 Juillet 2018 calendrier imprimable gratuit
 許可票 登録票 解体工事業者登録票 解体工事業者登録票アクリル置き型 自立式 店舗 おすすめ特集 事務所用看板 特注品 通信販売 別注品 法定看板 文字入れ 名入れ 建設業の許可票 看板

---

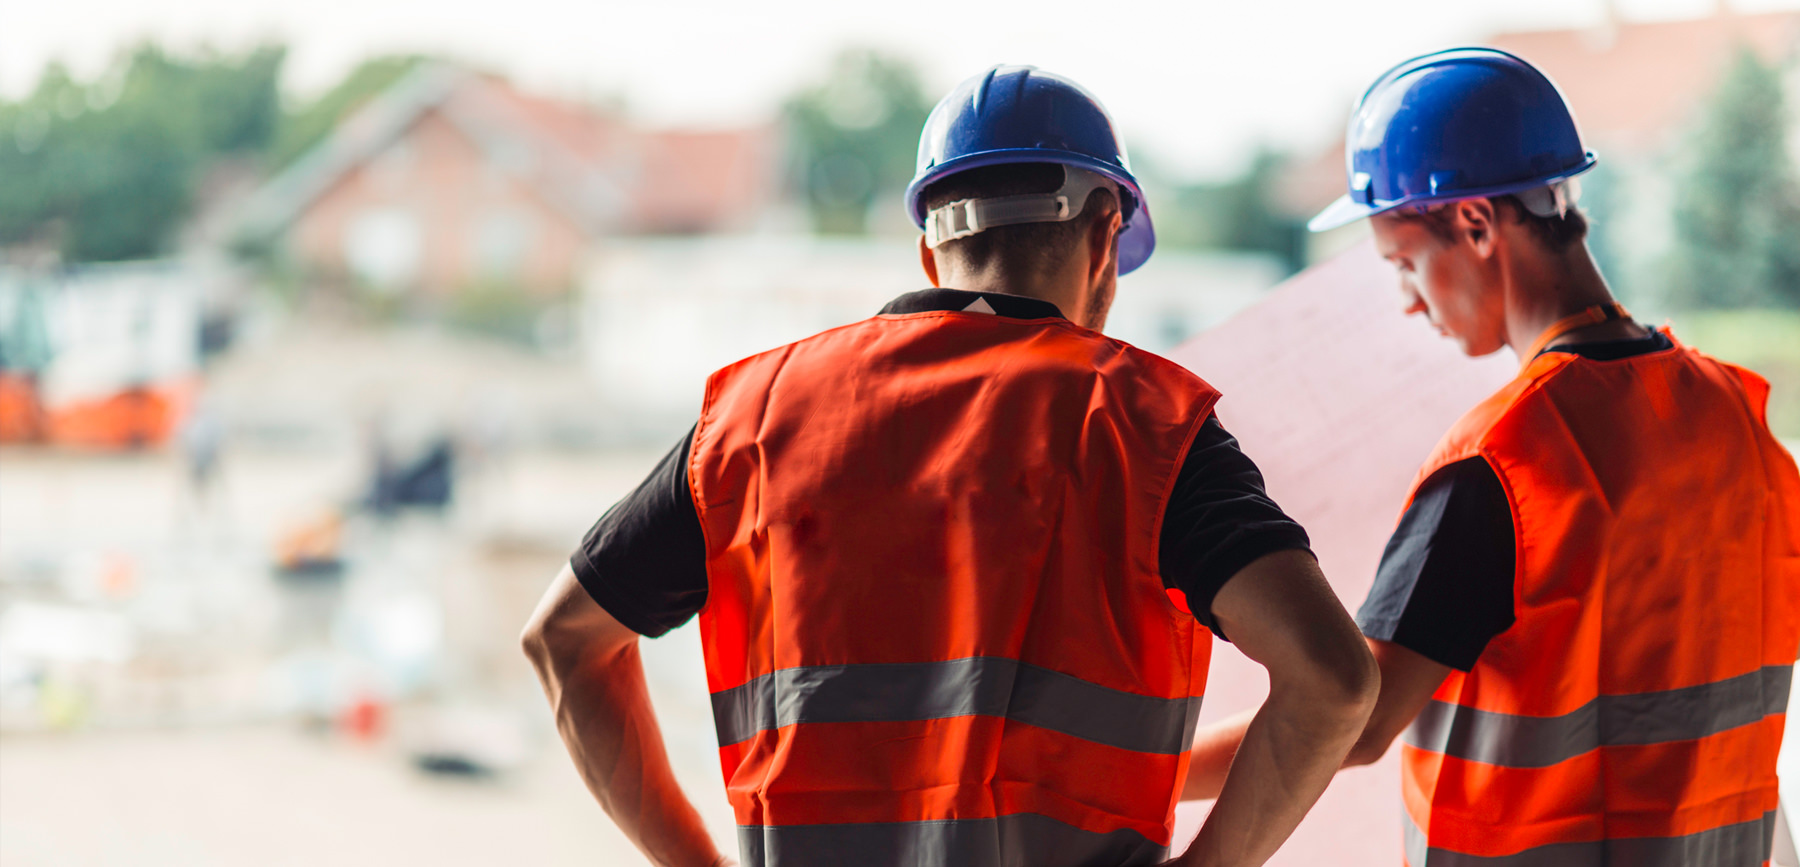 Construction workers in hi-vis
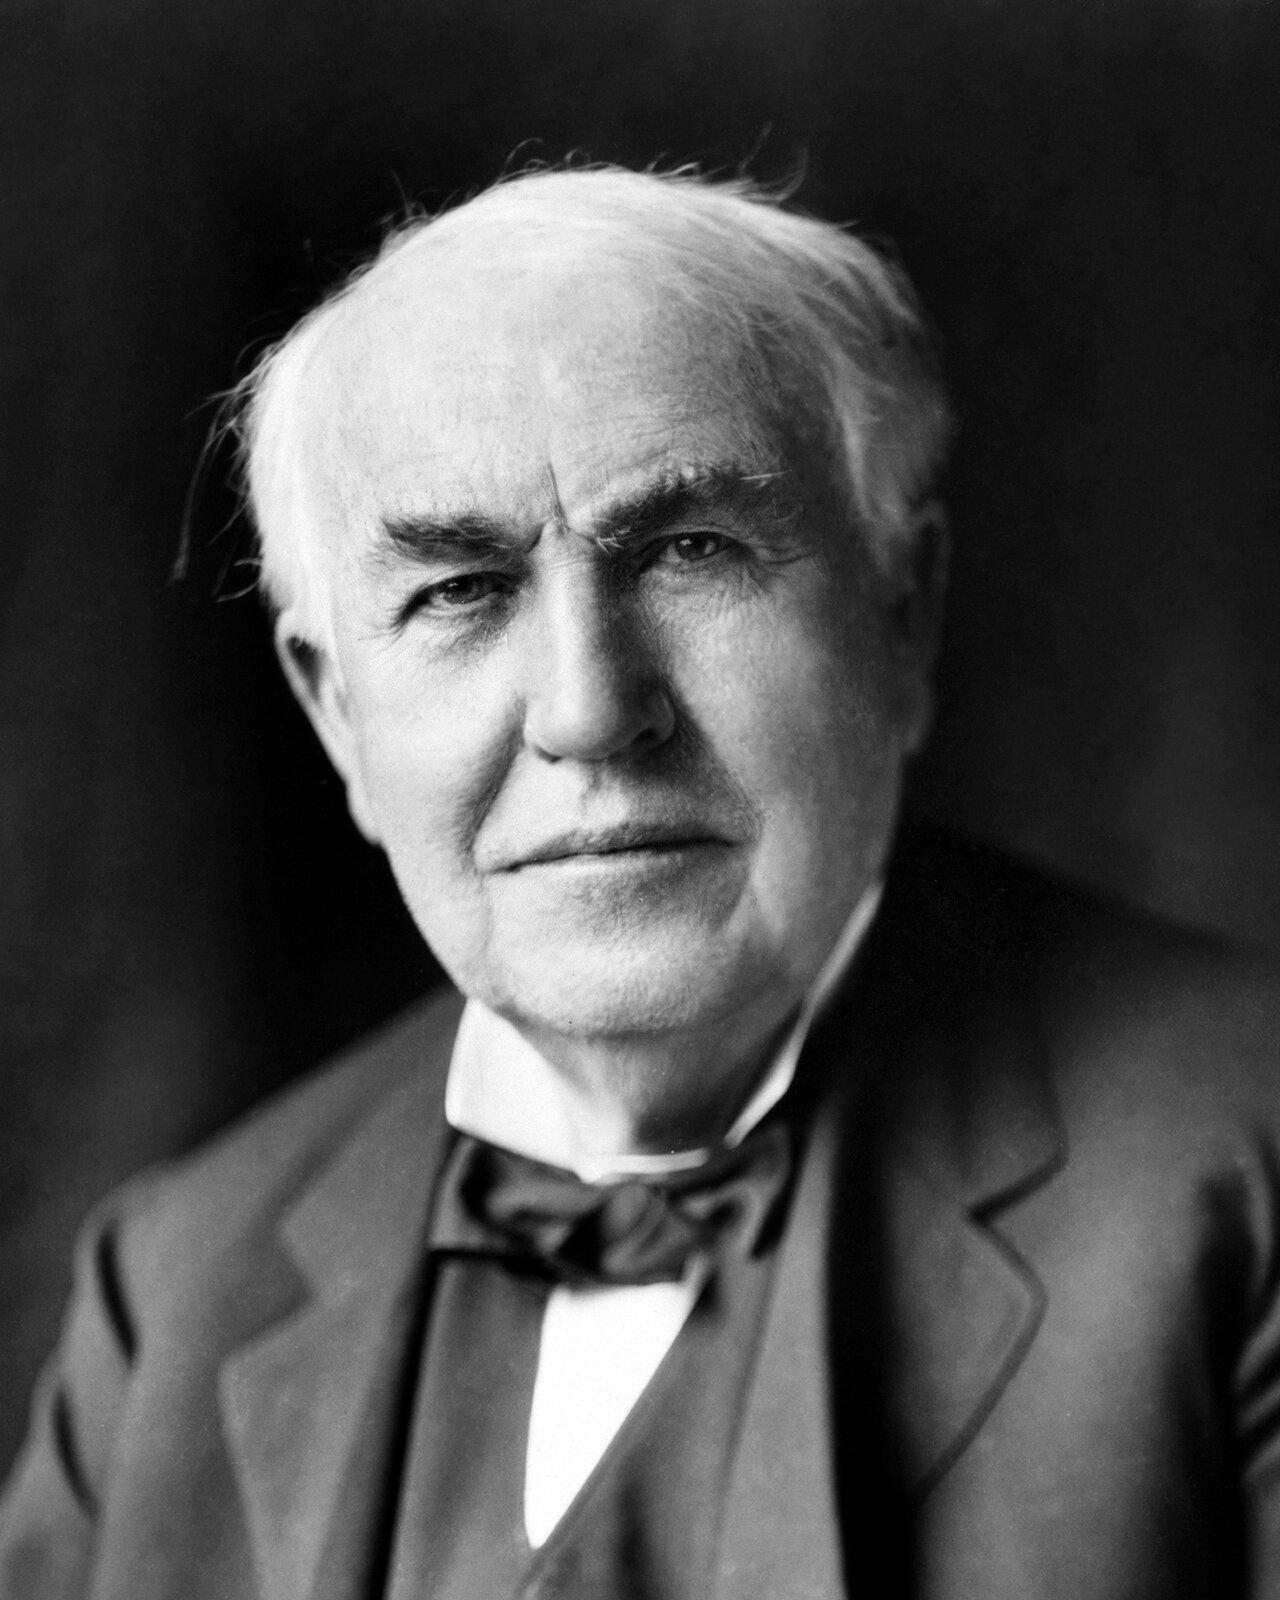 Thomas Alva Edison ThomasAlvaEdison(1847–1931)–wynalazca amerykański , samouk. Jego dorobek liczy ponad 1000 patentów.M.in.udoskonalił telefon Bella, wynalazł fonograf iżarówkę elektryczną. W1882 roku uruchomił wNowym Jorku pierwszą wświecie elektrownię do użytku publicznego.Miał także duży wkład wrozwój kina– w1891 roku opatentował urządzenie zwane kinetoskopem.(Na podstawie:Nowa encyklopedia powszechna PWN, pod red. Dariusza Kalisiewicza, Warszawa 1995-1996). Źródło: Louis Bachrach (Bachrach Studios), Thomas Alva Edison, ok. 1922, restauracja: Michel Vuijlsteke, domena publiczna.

--

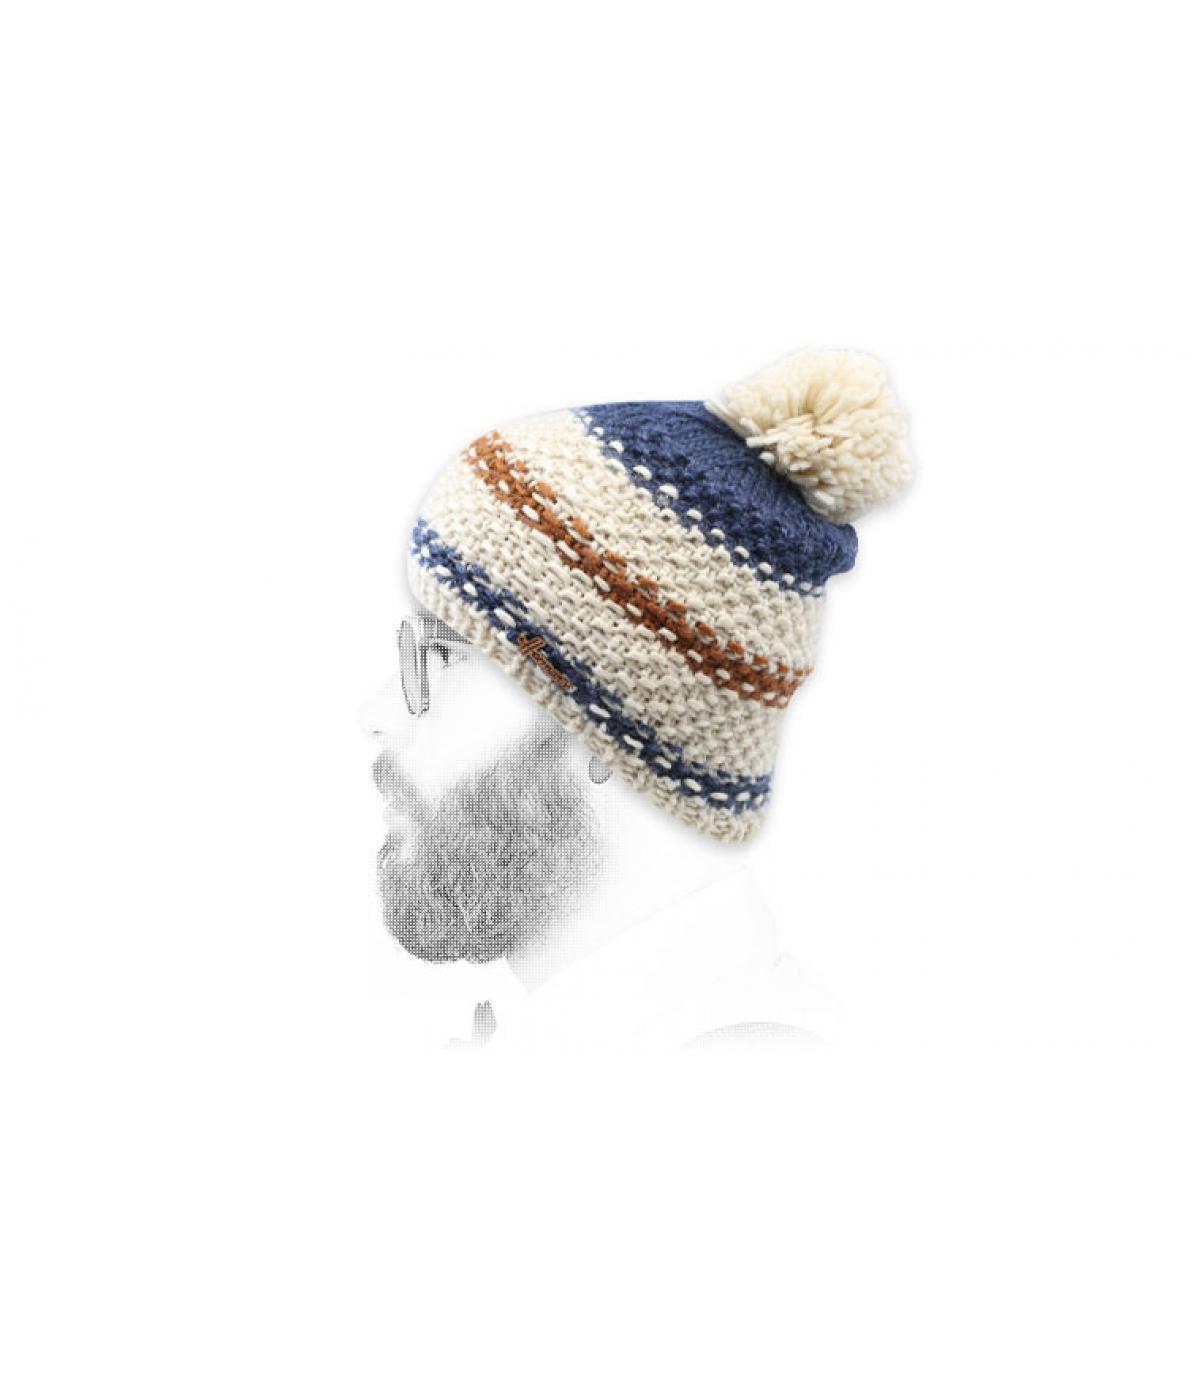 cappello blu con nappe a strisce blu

__EXERCISE__: In the listing above, transcribe exactly everything from the line containing "Juillet 2018 calendrier imprimable gratuit" down to the line containing "許可票 登録票 解体工事業者登録票", including both and nothing more.

__SOLUTION FOR THIS PROBLEM__:
 Juillet 2018 calendrier imprimable gratuit
 許可票 登録票 解体工事業者登録票 解体工事業者登録票アクリル置き型 自立式 店舗 おすすめ特集 事務所用看板 特注品 通信販売 別注品 法定看板 文字入れ 名入れ 建設業の許可票 看板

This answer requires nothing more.